Так началась ее новая зима. Когда Мара жила в деревне, зимой они ткали, шили, вышивали, ездили на ярмарки, гадали и каждый день устраивали себе новые дела и забавы. Тогда ей казалось, что все это весело, а дни такие разные, что их невозможно упомнить. Теперь она сидела в маленькой избушке, шила, готовила, и слушала Рею. Спать она по-прежнему не могла, поэтому ей оставалось только учиться. Знахарка показывала ей лечебные травы, учила готовить настои, рассказывала, как и где ставить силки, и, самое главное, она научила девушку читать и писать.

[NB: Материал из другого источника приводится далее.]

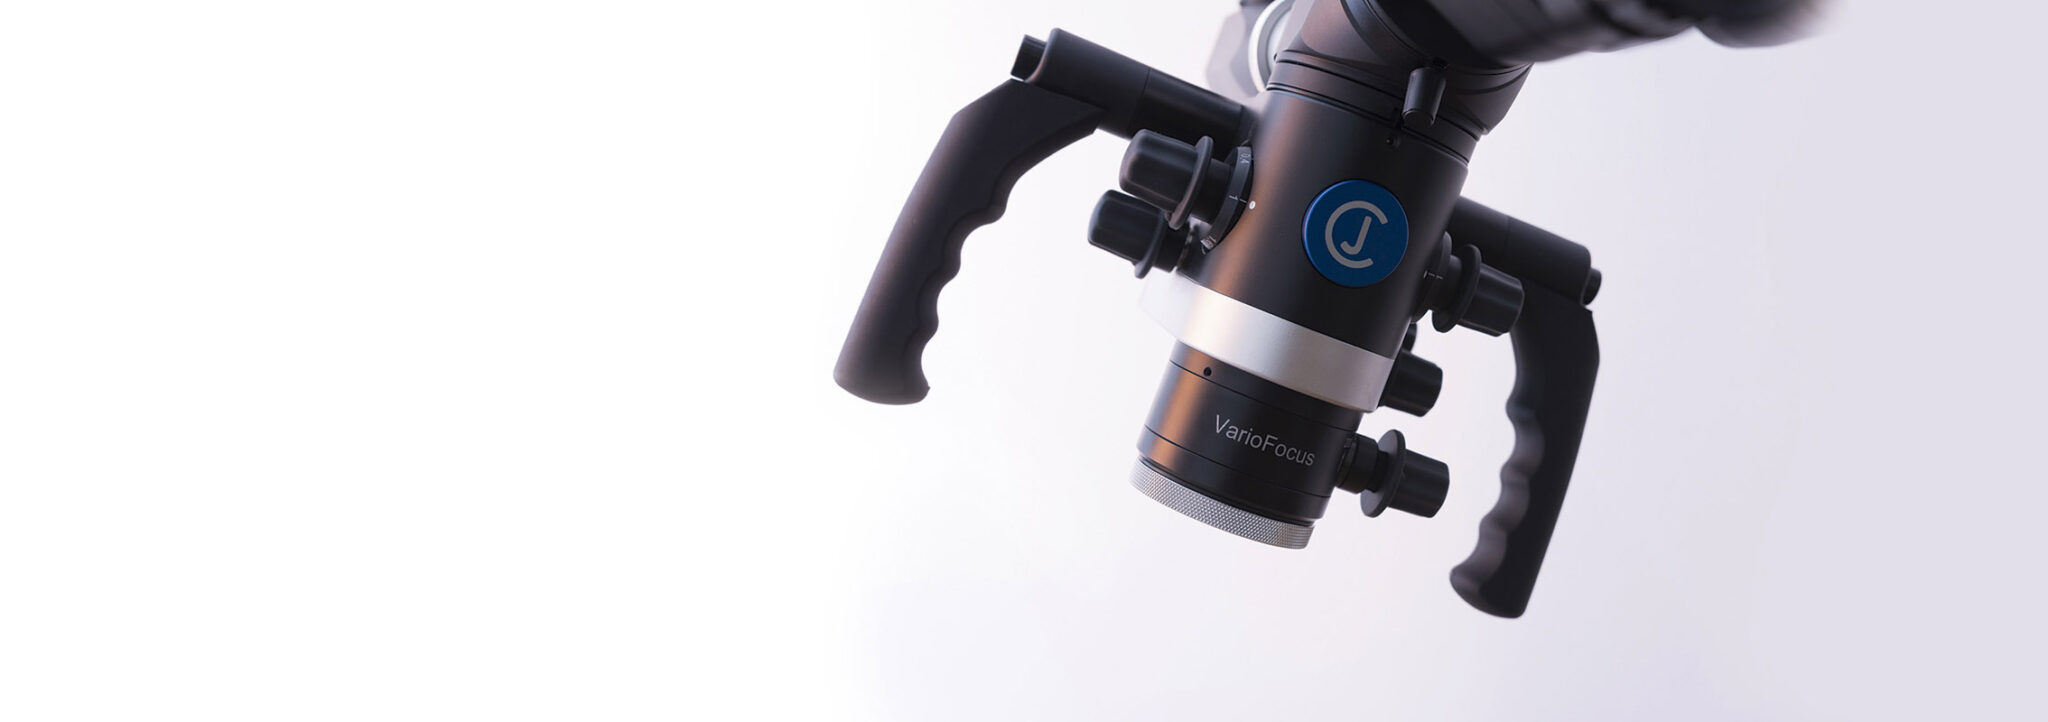 Banner microscopio CJ-Optik
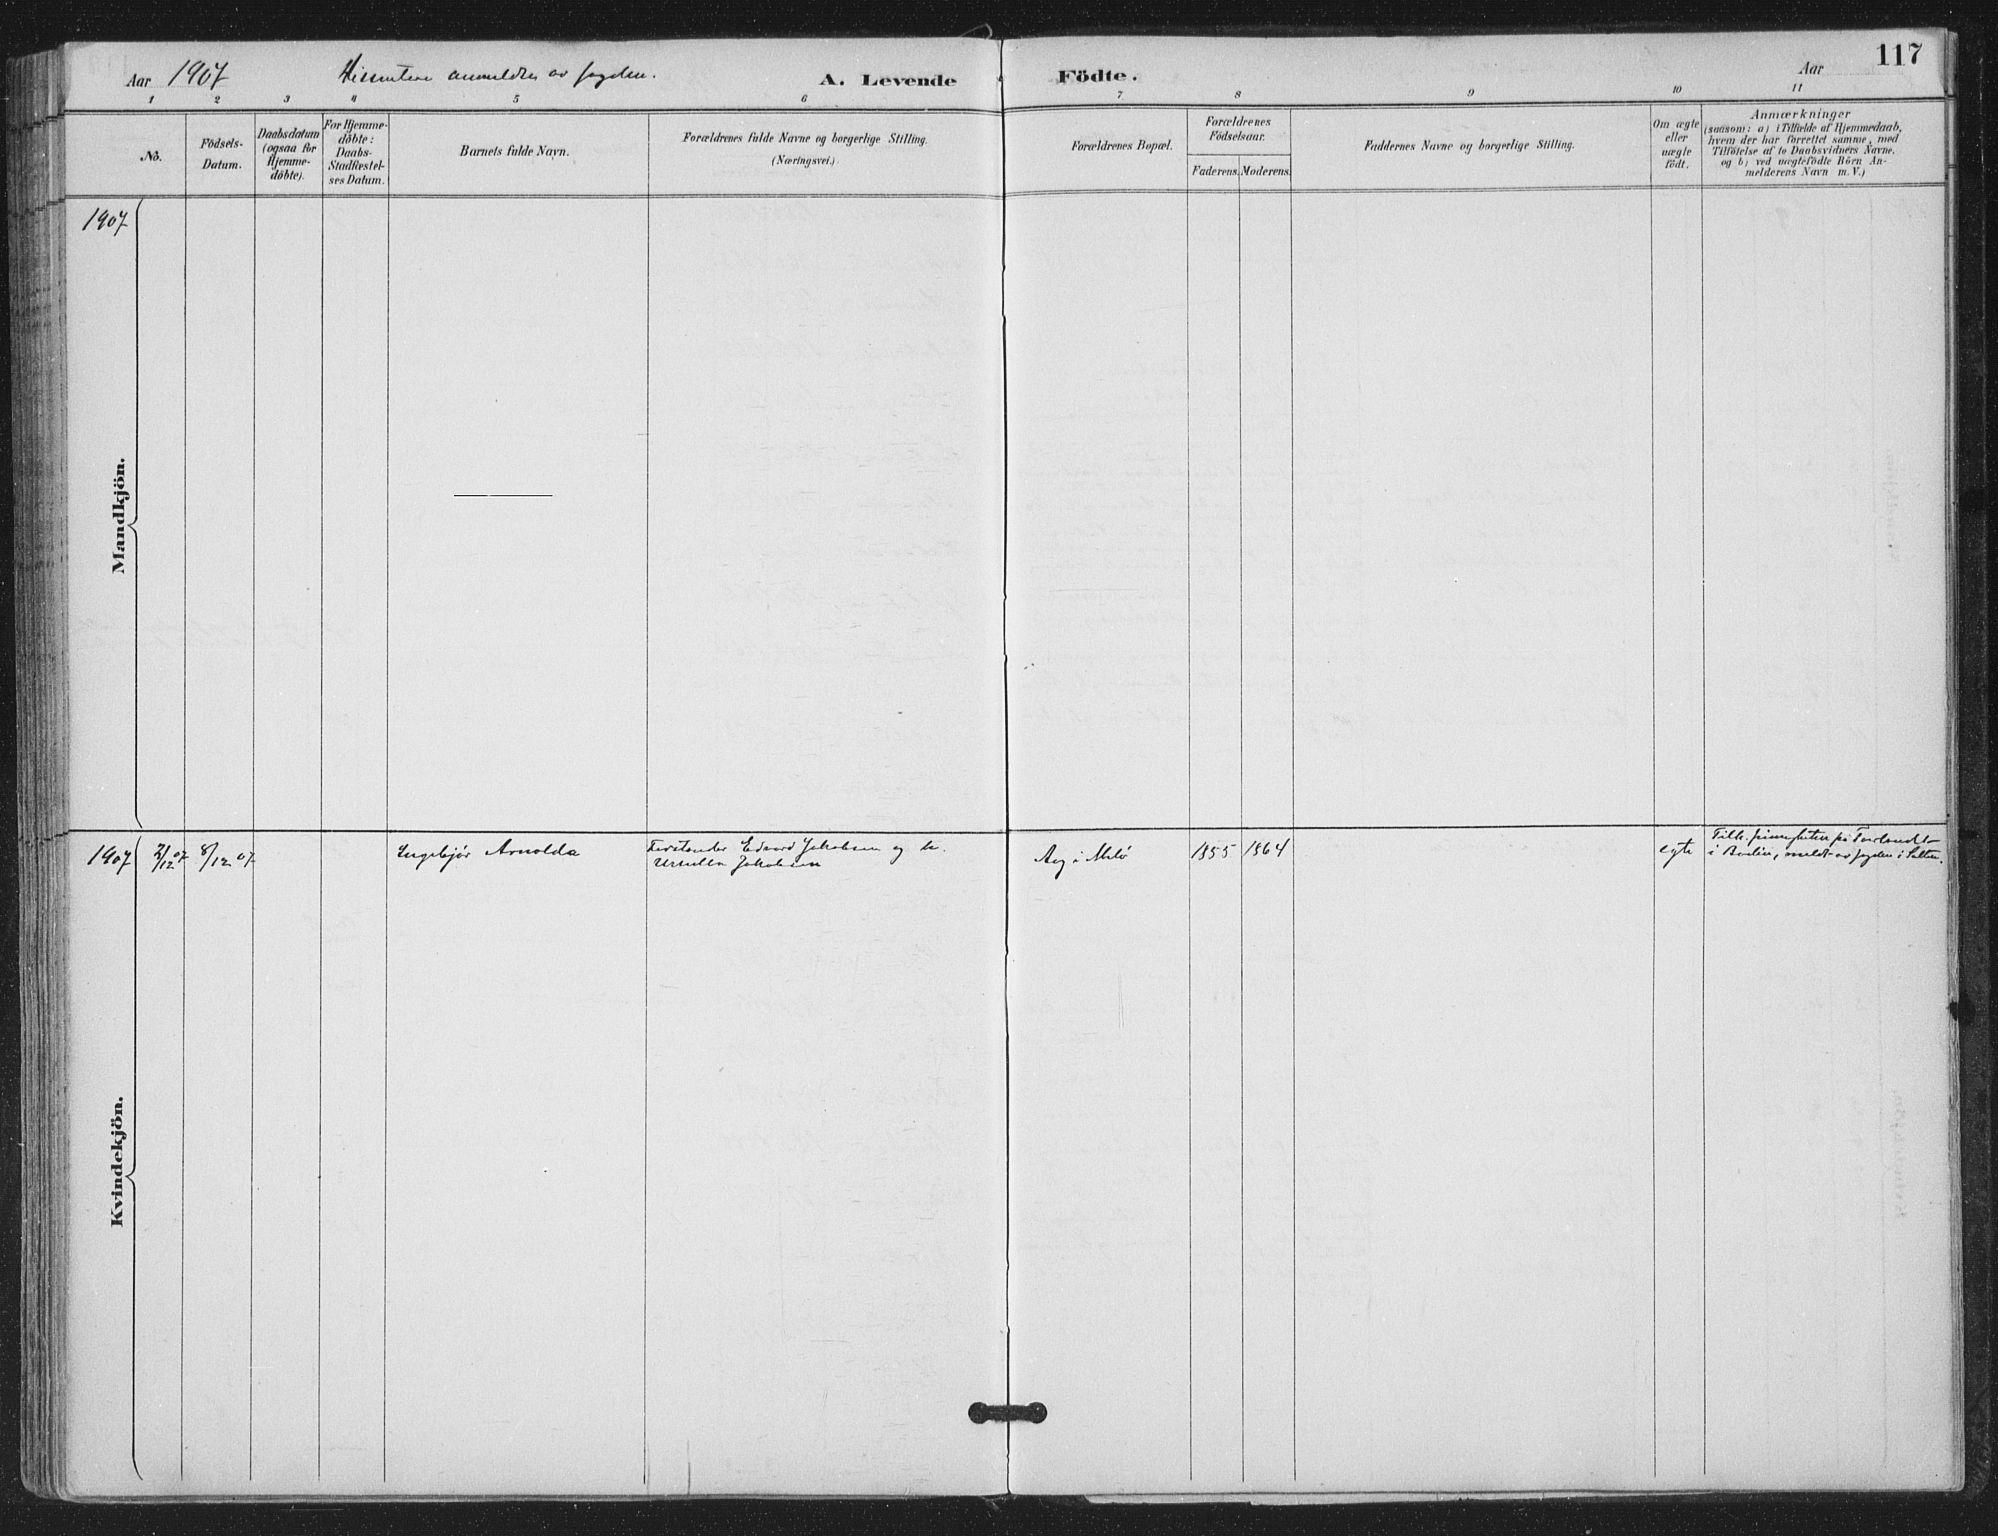 SAT, Ministerialprotokoller, klokkerbøker og fødselsregistre - Nordland, 843/L0628: Ministerialbok nr. 843A03, 1889-1907, s. 117

Перед Марой словно распахнулся целый мир. Она даже не подозревала, что может существовать такое счастье и источник непреходящей радости. У Реи было всего три книги: одна – про растения, вторая – о лечении всевозможных болезней – от перелома до отравления, а третья… О! Третья книга была сокровищем.

В потертом томике рассказывалось о том, как был создан волшебный мир, и в этом мире были демоны и злые духи, Темный Хозяин Леса и Князь болот, и еще много дивных существ, о которых девушка никогда не слушала. Книга была написана стихами – но не теми, которые бывают в песнях. Это были идеально звучные и безгранично прекрасные рифмованные строки. Слова были так реальны, что она целые вечера проводила, представляя себе описанное. Рея хмуро поглядывала на нее, и только покачивала головой.

- Разве тебе не нравится эта книга? – изумленно спросила Мара, перехватив мрачный взгляд.

- Нравится, - коротко ответила Рея. – Даже слишком. Как и тебе.

- Ну и что!? – с вызовом бросила девушка.

- Послушай, девочка, - Рея вздохнула. - Послушай меня, и, возможно, когда-нибудь, это спасет тебя жизнь. Ты можешь читать эту книгу. Но эта книга не должна тебе нравиться. В ней описан мир, которого нет. Из этого мира Господин когда-то изгнал духов и Хозяев леса, и все остальные темные сущности. Именно благодаря его жертве мы можем бесстрашно ходить по лесу и не бояться колдовства. Именно поэтому вокруг тебя не умирают люди и темные силы не жрут трупы. Разве отец Николас не рассказывал об этом?

- Рассказывал, - хмуро отозвалась девушка. – Но совсем не так. Это вовсе не было прекрасным…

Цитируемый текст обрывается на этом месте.